* [TASK] With the images removed, return every line below exactly as it reads.
*** INFORMATION PROVIDED ***
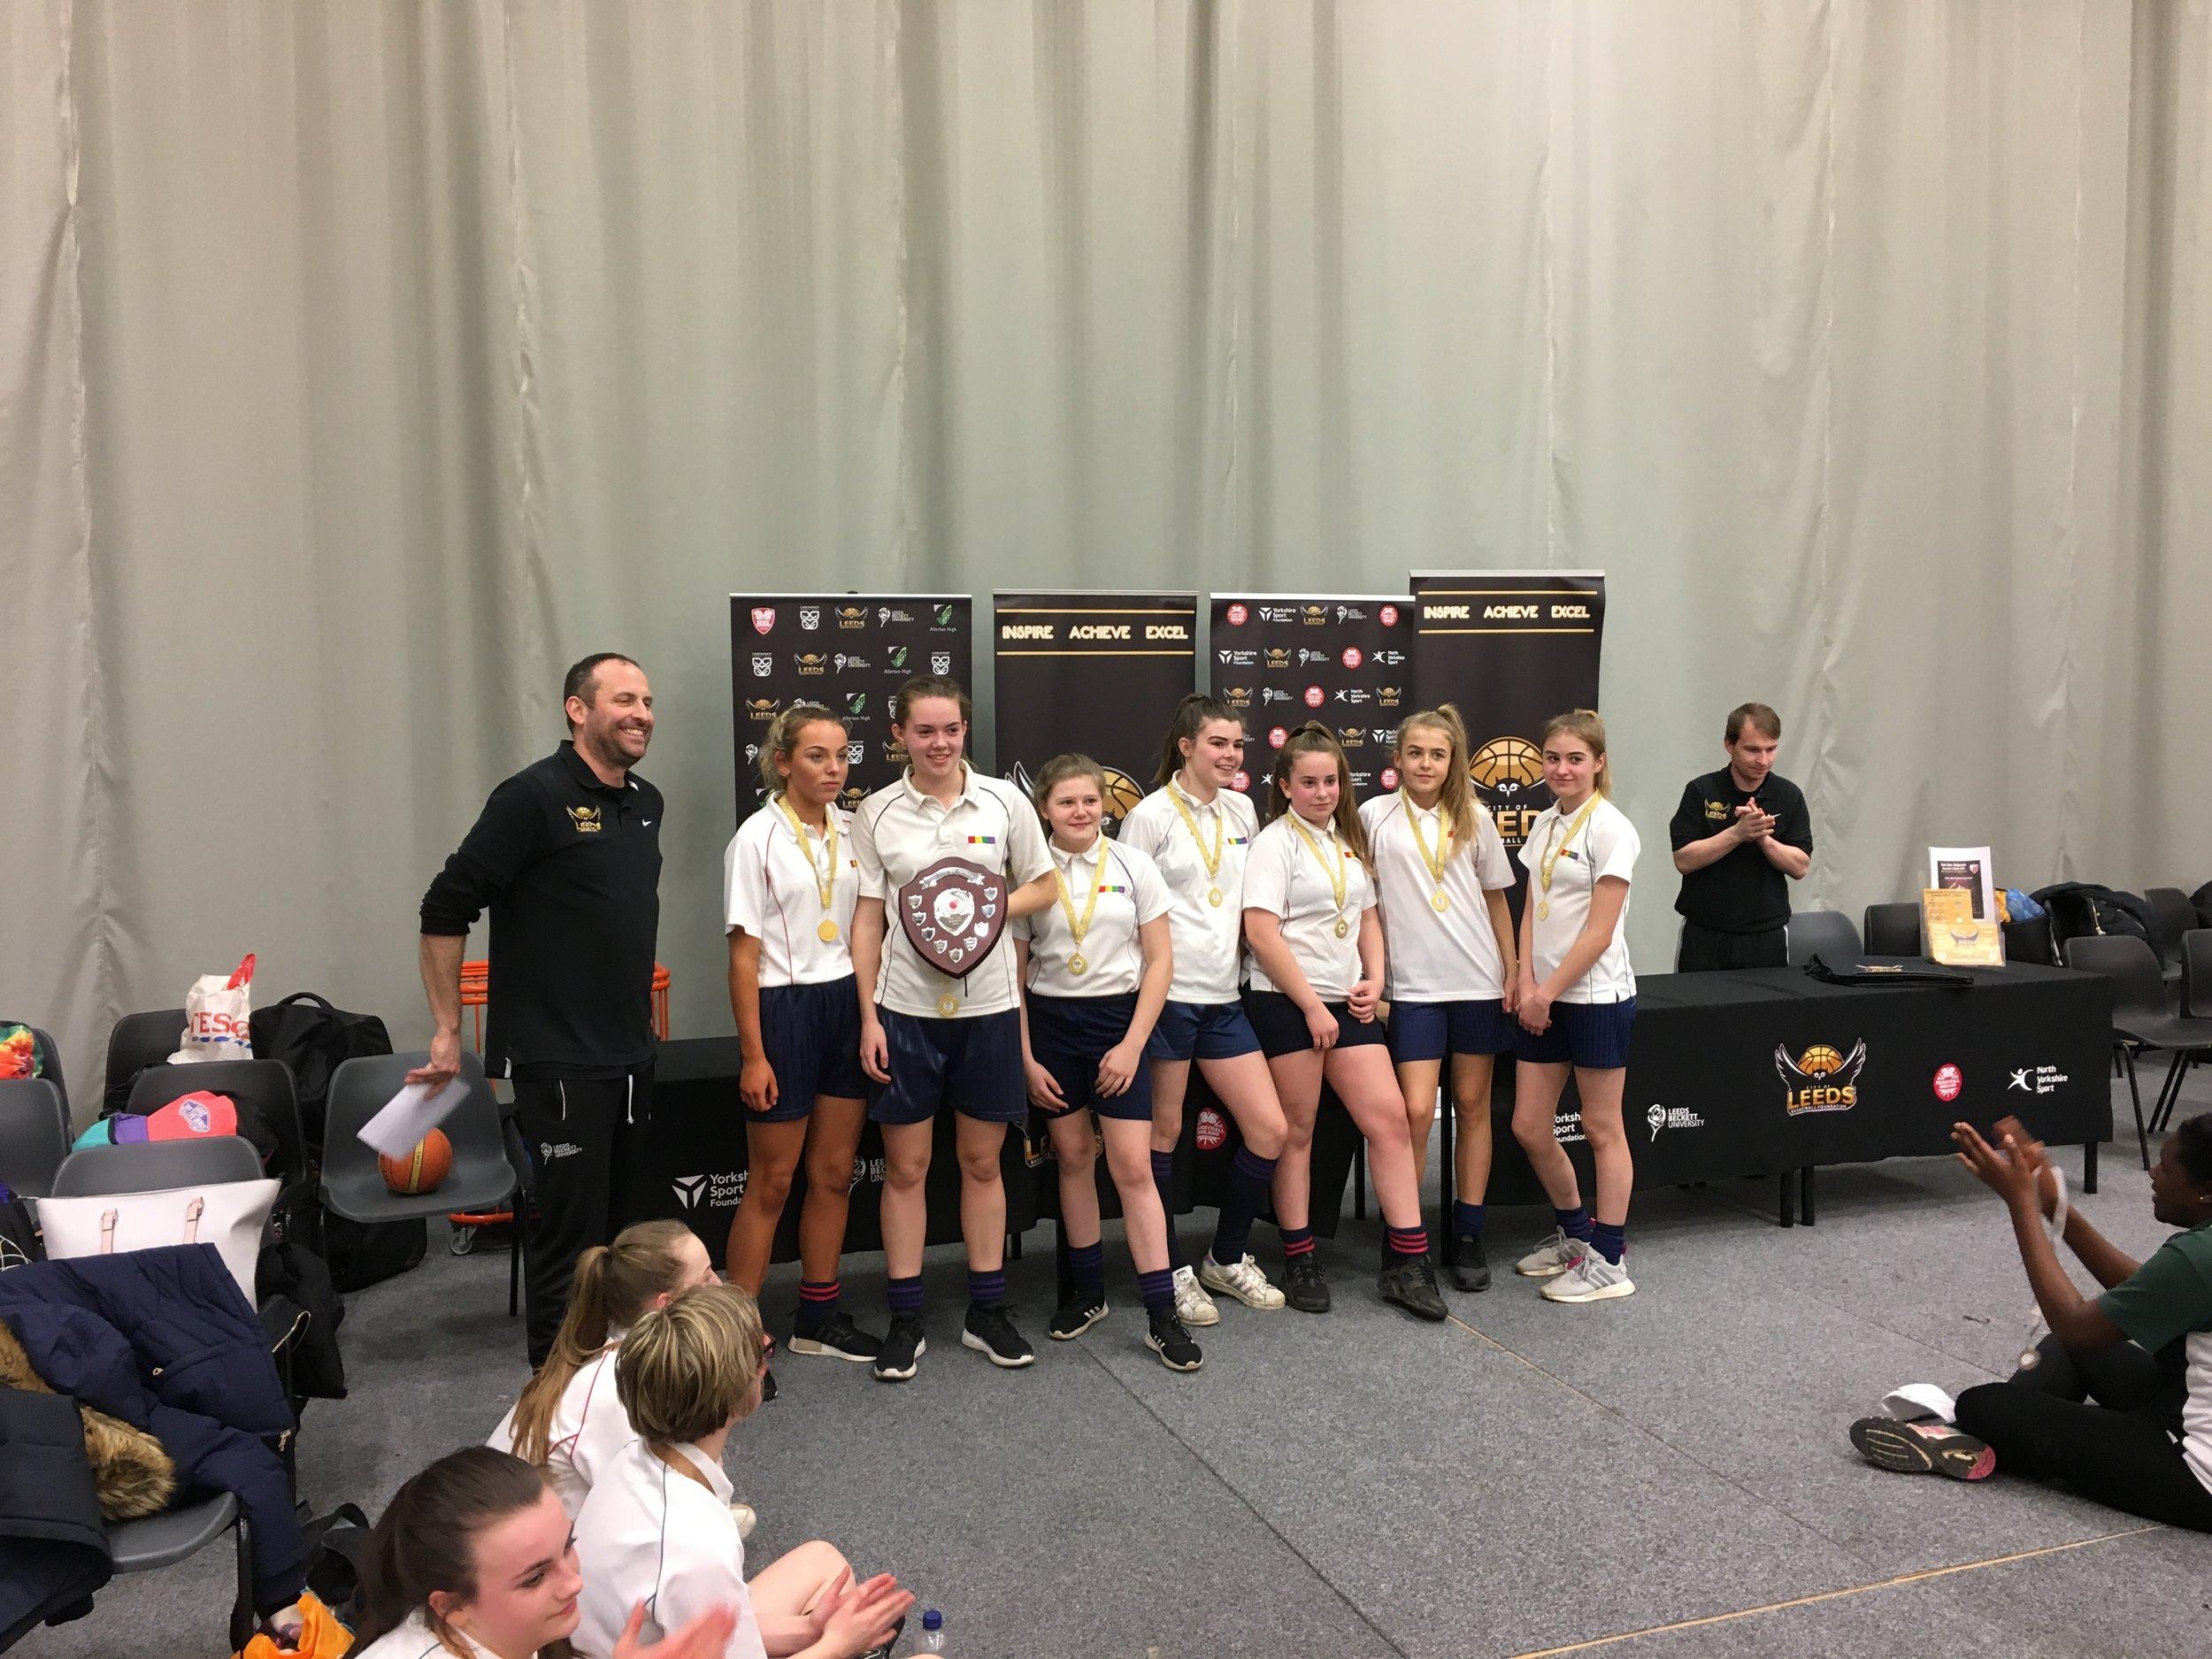 Morley Academy - 1st place Leeds Girls U14 Final 2018.
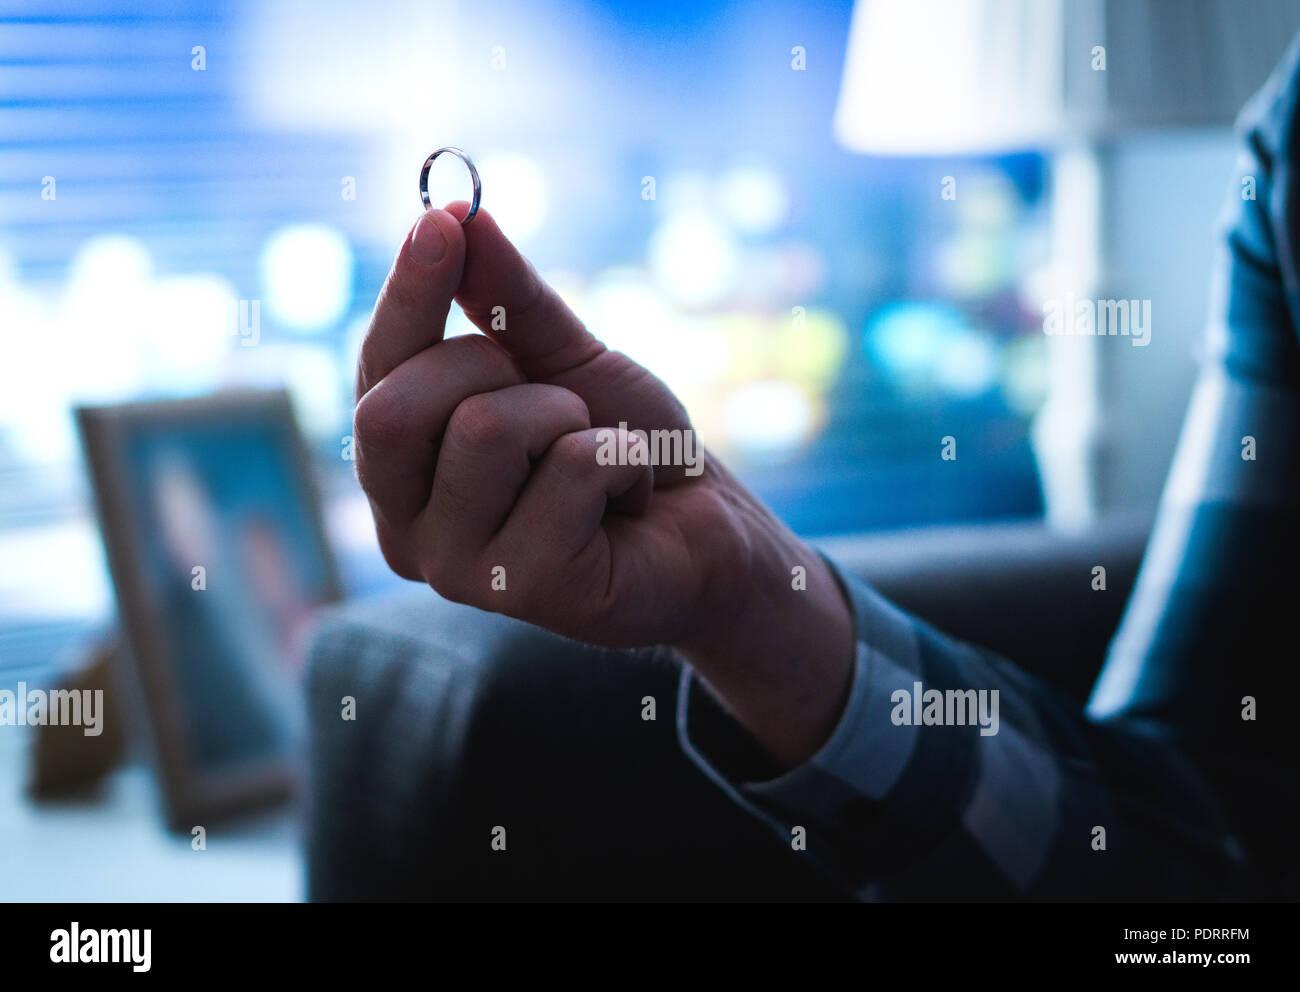 Hombre sujetando el compromiso o anillo de bodas en la mano pensando en la propuesta o el divorcio a casa tarde en la noche. Relación o problemas matrimoniales. Imagen De Stock
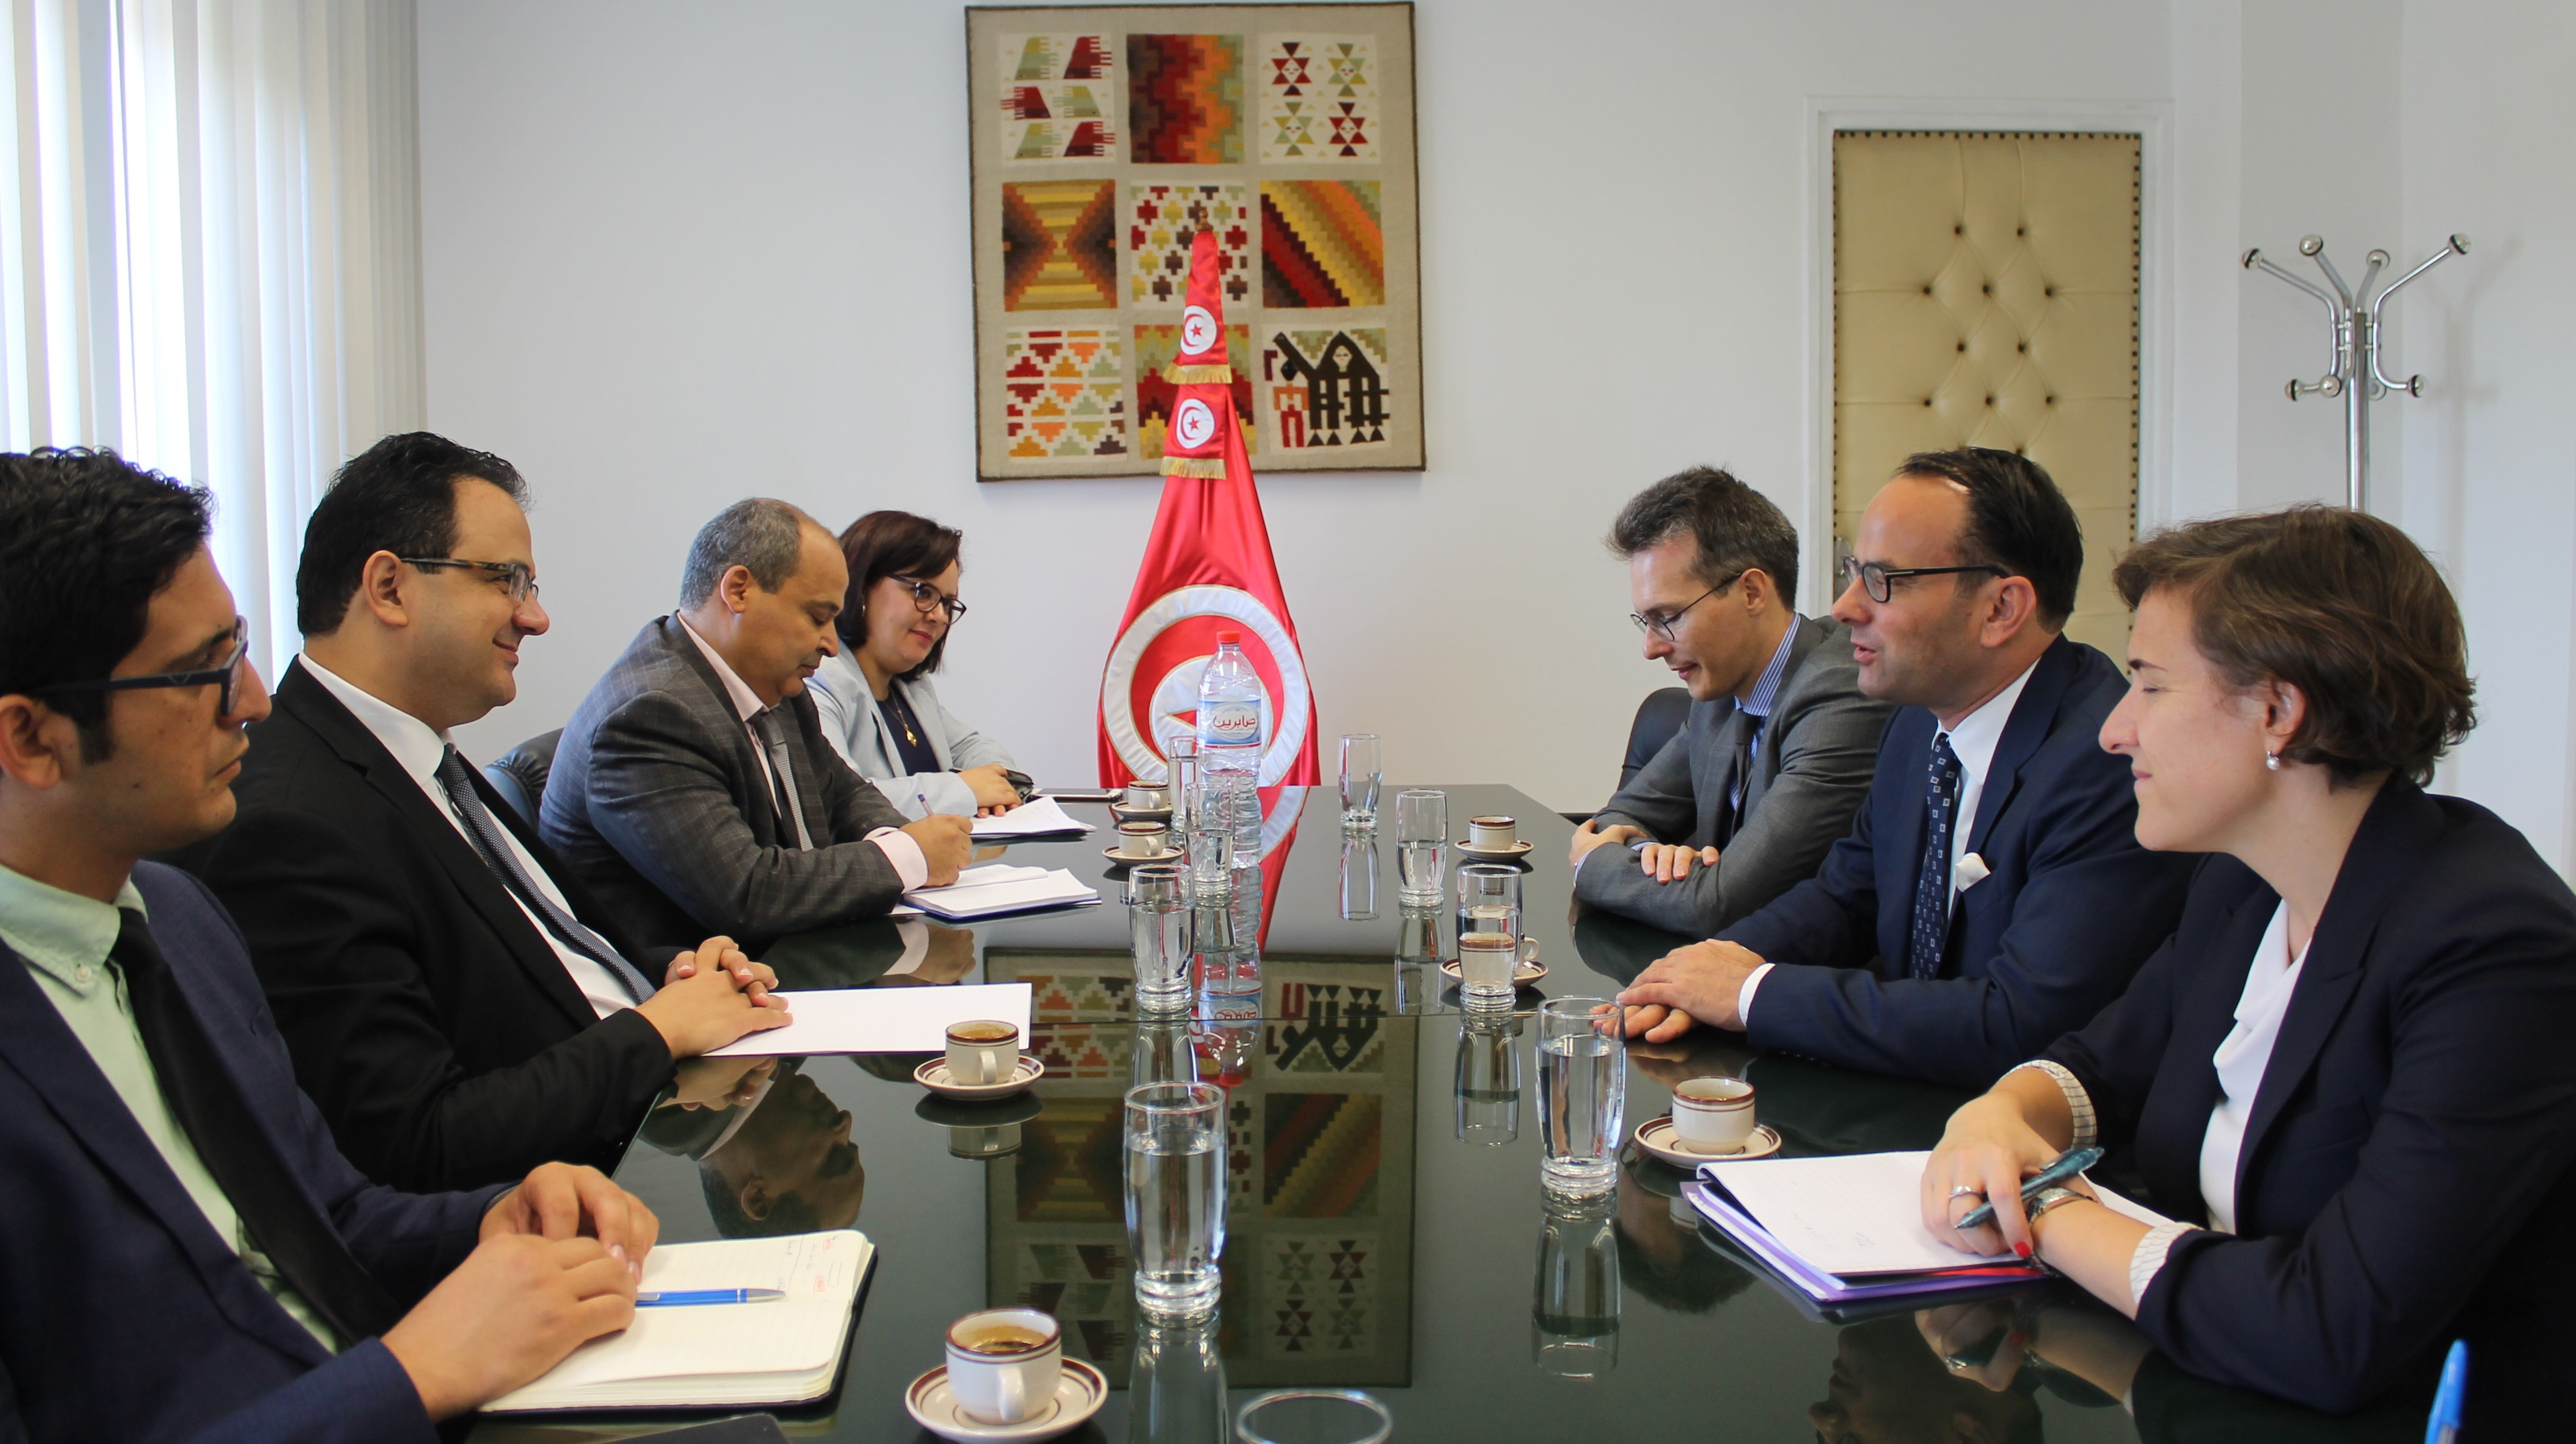 جانب من لقاء وزير التنمية والاستثمار والتعاون الدولي مع بعثة صندوق النقد الدولي إلى تونس
*** End of INFORMATION PROVIDED ***
* [OUTPUT]
 Morley Academy - 1st place Leeds Girls U14 Final 2018.
 Hombre sujetando el compromiso o anillo de bodas en la mano pensando en la propuesta o el divorcio a casa tarde en la noche. Relación o problemas matrimoniales. Imagen De Stock
 جانب من لقاء وزير التنمية والاستثمار والتعاون الدولي مع بعثة صندوق النقد الدولي إلى تونس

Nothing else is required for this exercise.